If Congress cuts airline fees, who would suffer?

A few senators must have finally had enough on one of their many flights to and from their home districts.

Last week, a bill was introduced that would "forbid airlines from imposing ridiculous fees" — specifically, the baggage and changed reservation fees that have become a staple for many large airlines.

If such a bill actually made it into law, what would it mean for airline companies? As much as 15 percent of some carriers' total operating revenue comes from just those two fees (not counting all the other fees that travelers may end up paying), according to Bureau of Transportation Statistics data. Low-cost airlines like Spirit Airlines and Allegiant Air are especially reliant on those revenue sources.

That wasn't always the case. Before 2009, those fees were a negligible part of most carriers' revenue. Today, airline profits would suffer if those fees disappeared.

From 2007 to 2014, "ancillary fees" in total (including other services like priority boarding and Wi-Fi) increased 1,400 percent, according to a report released last year by the Senate Committee on Commerce, Science and Transportation.

The industry trade group Airlines for America said the bill "seeks to reregulate airline industry pricing and service provisions, which were successfully deregulated in 1978."

The shift in how customers are charged for baggage started at low-cost carriers like Spirit in the late 2000s. It didn't take long for the larger carriers to also charge for checked bags and for reservation cancellation fees. Today, ancillary fees are worth tens of billions in revenue.

While airlines often argue that the unbundling of services offers customers more control over their flight costs, the new revenue sources also have been profit drivers for the low-margin airline industry.

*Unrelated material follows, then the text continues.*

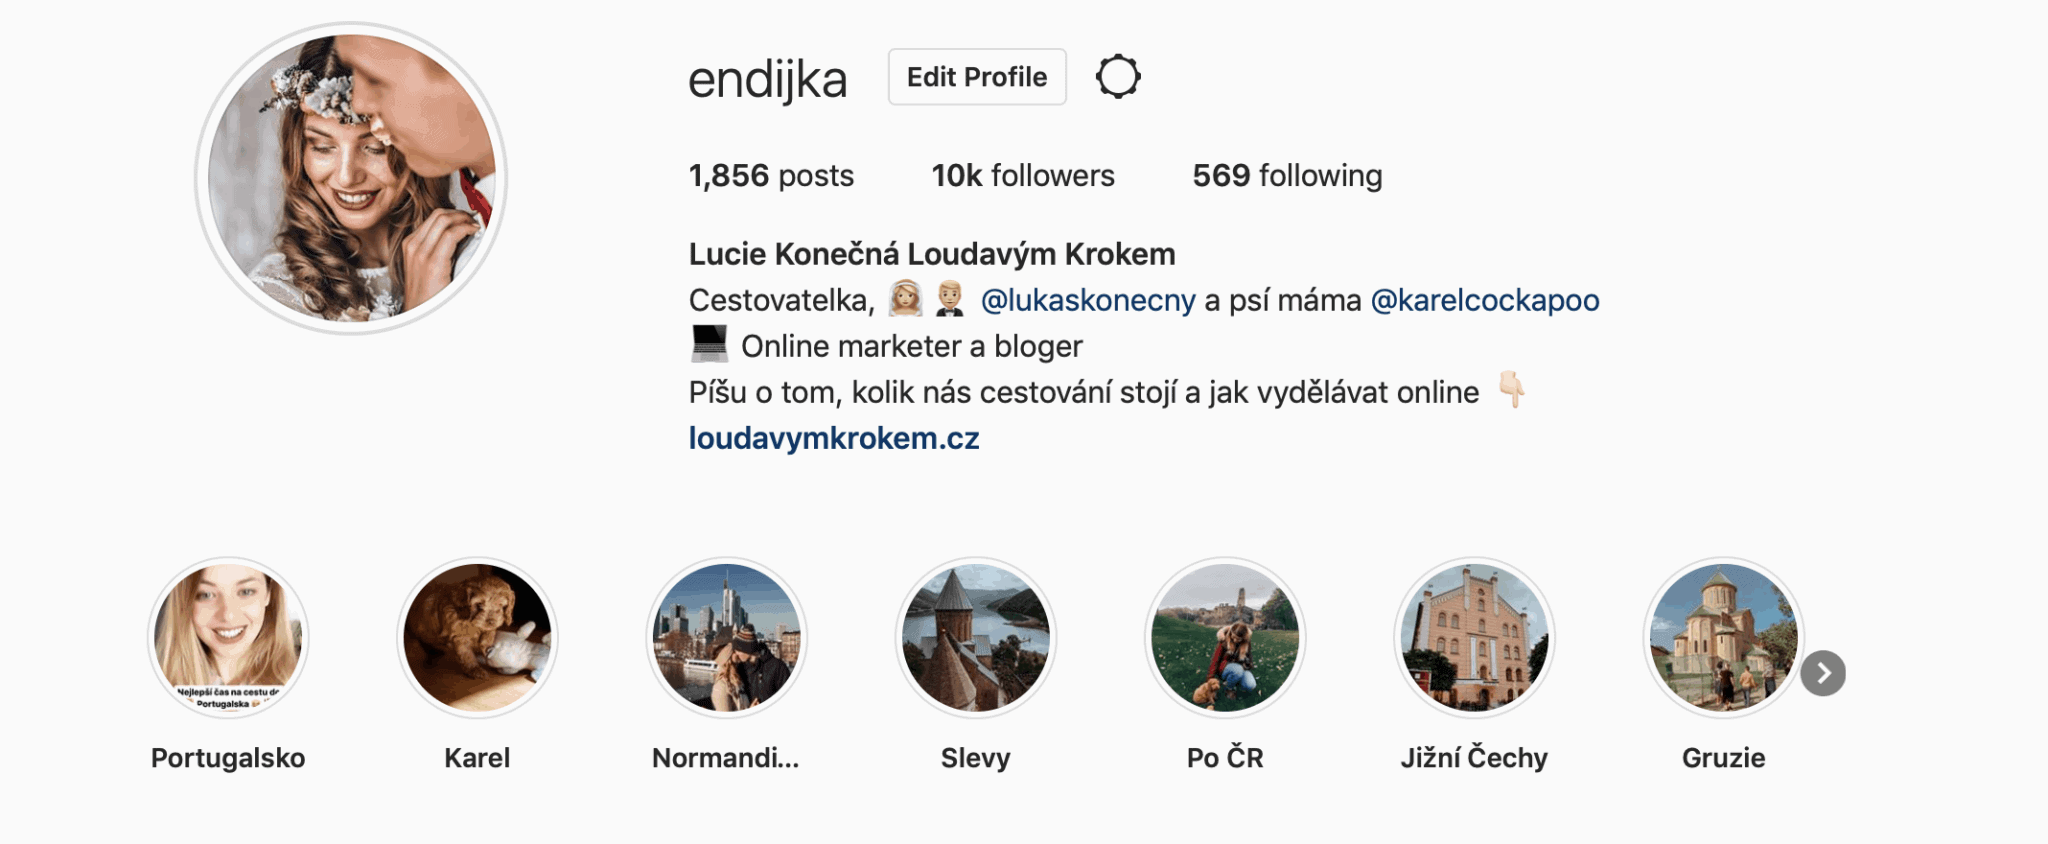 Mój profil na Instagramie 🙂 Możesz mnie śledzić tutaj

The proposed legislation would require that fees be proportional to the related costs. But it's hard to estimate how overblown those fees currently are without detailed data from the companies. Here's how each airline's operating profit compares to its fee revenue over the last two years (Q4 2013 to Q3 2015):

Even a modest decrease in fees would have a substantial impact on the bottom line for low-cost companies like Spirit Airlines, Allegiant Air, Frontier and Virgin America. Sun Country Airlines could stop being profitable if its fees were reduced.

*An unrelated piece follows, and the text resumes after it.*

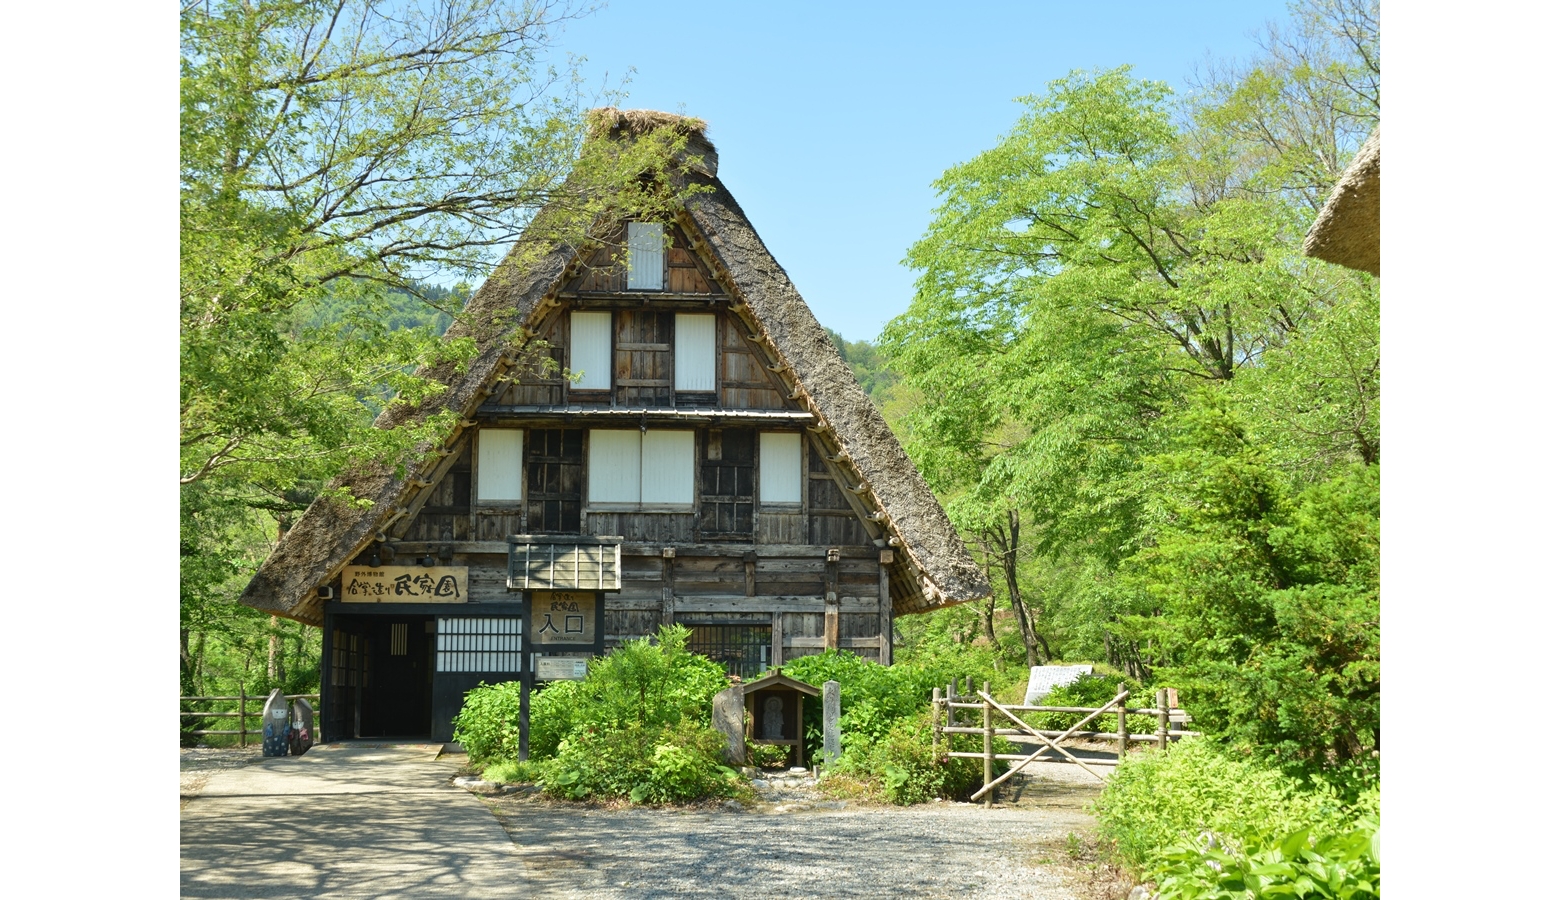 野外美術館ランキング1位は、岐阜県白川村の「合掌造り民家園」1

Spirit uses a sliding scale ranging from about $30 for the first bag during online booking to $100 at the gate. Southwest is the only airline that still offers free checked bags and free cancellation. Jet Blue started charging fees for travelers' first bags last summer.

It's probably unlikely that the bill's backers will be able to push airline regulation of this sort through Congress, and if they did carriers would likely raise base fares to make up the losses. The average inflation-adjusted airfare is up 14 percent since 2009, as high consumer demand continues to outweigh huge savings on jet fuel, according to Bureau of Transportation Statistics domestic flight data.